INFORMATION PROVIDED -
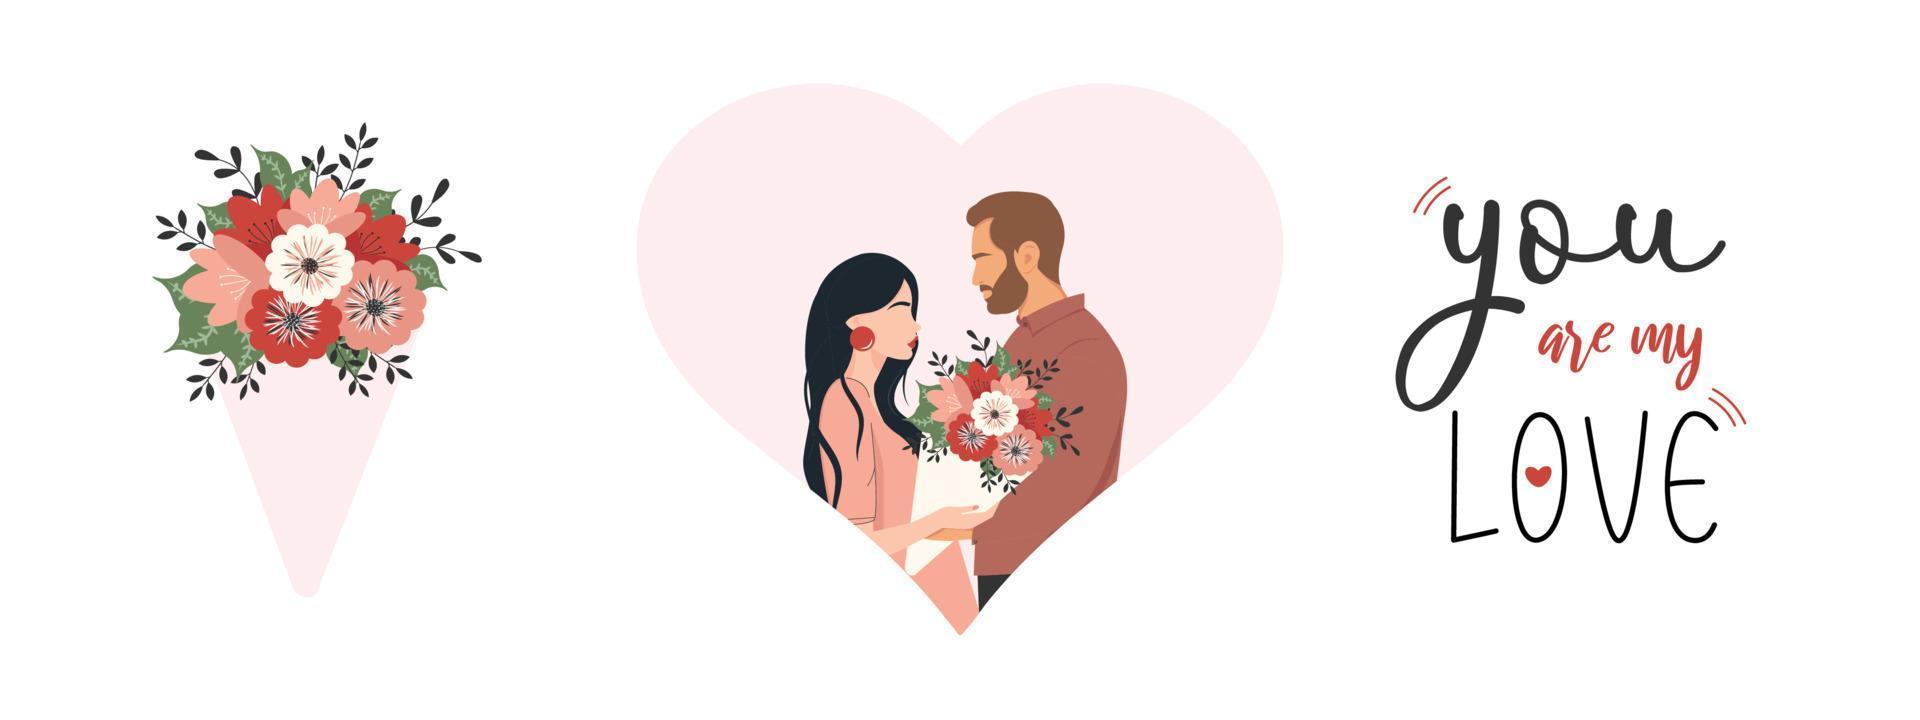 en uppsättning illustrationer på temat kärlek. ett lyckligt förälskat par. blombukett. älskare som firar en romantisk dejt. text. vektor
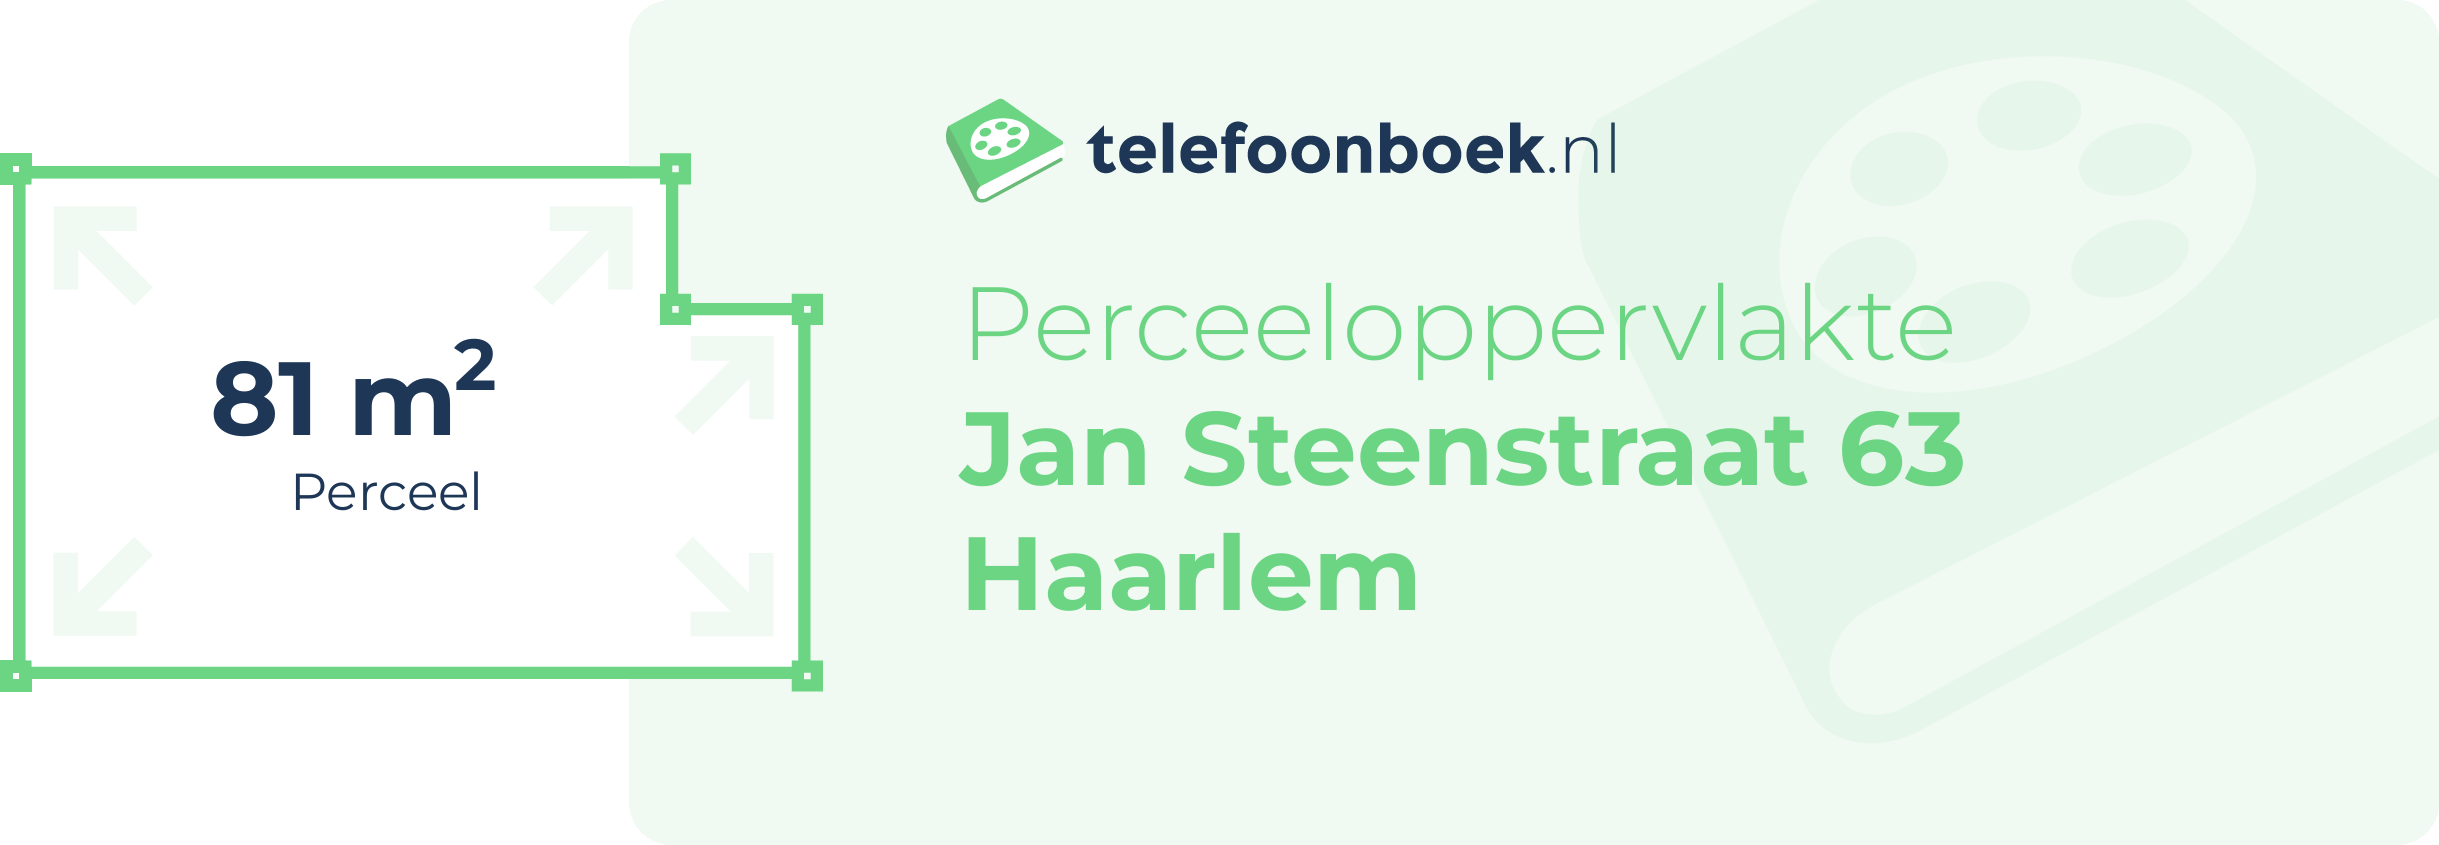 Perceeloppervlakte Jan Steenstraat 63 Haarlem
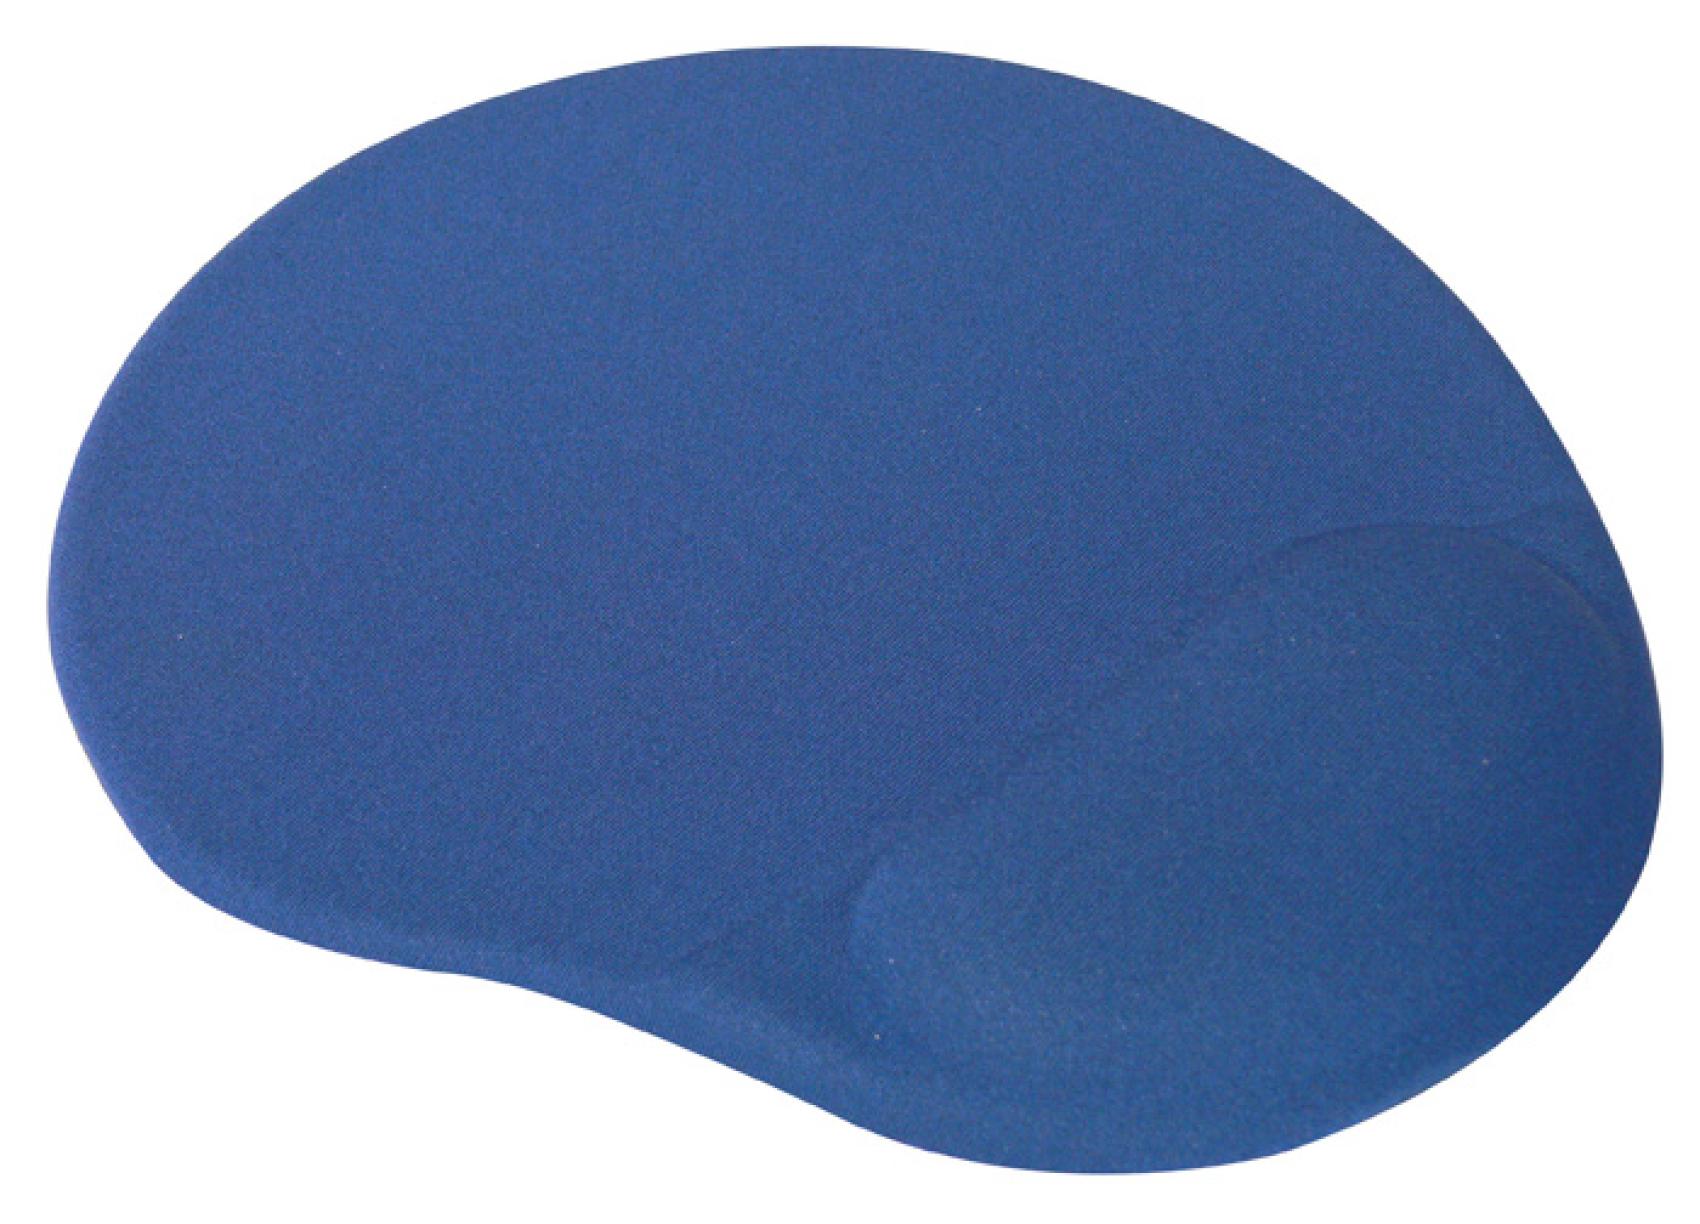 Podloka my gelov Logo modr - Kliknutm na obrzek zavete
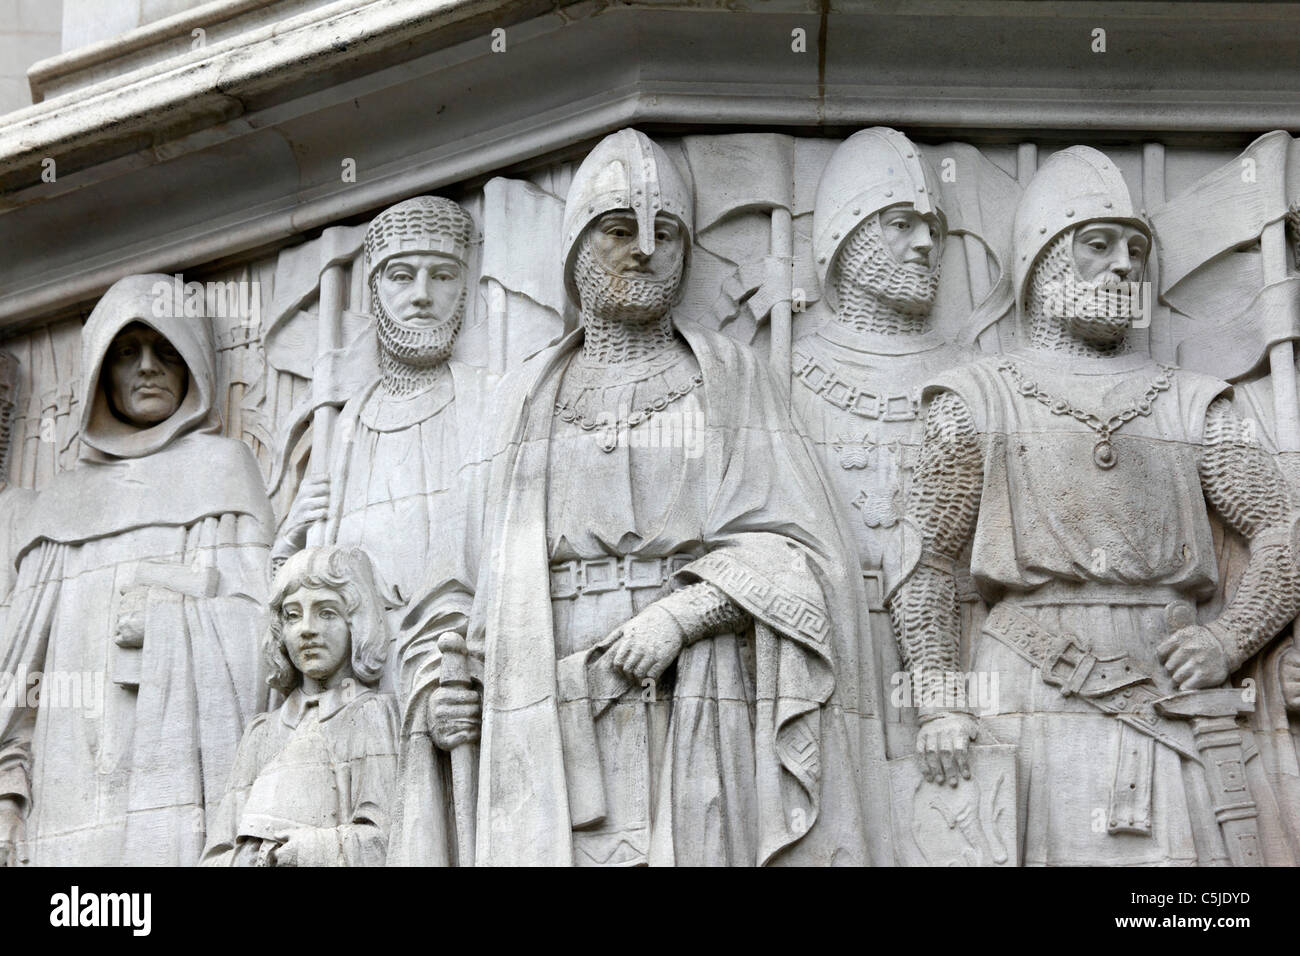 Particolare di scultura in pietra sopra l'ingresso del Middlesex Guildhall edificio, casa della Corte Suprema e del Consiglio Privy, Westminster, Londra, Inghilterra Foto Stock

YOUR TASK -
Restate the data word for word and exclude every picture.

WRITTEN SOLUTION -
 en uppsättning illustrationer på temat kärlek. ett lyckligt förälskat par. blombukett. älskare som firar en romantisk dejt. text. vektor
 Perceeloppervlakte Jan Steenstraat 63 Haarlem
 Podloka my gelov Logo modr - Kliknutm na obrzek zavete
 Particolare di scultura in pietra sopra l'ingresso del Middlesex Guildhall edificio, casa della Corte Suprema e del Consiglio Privy, Westminster, Londra, Inghilterra Foto Stock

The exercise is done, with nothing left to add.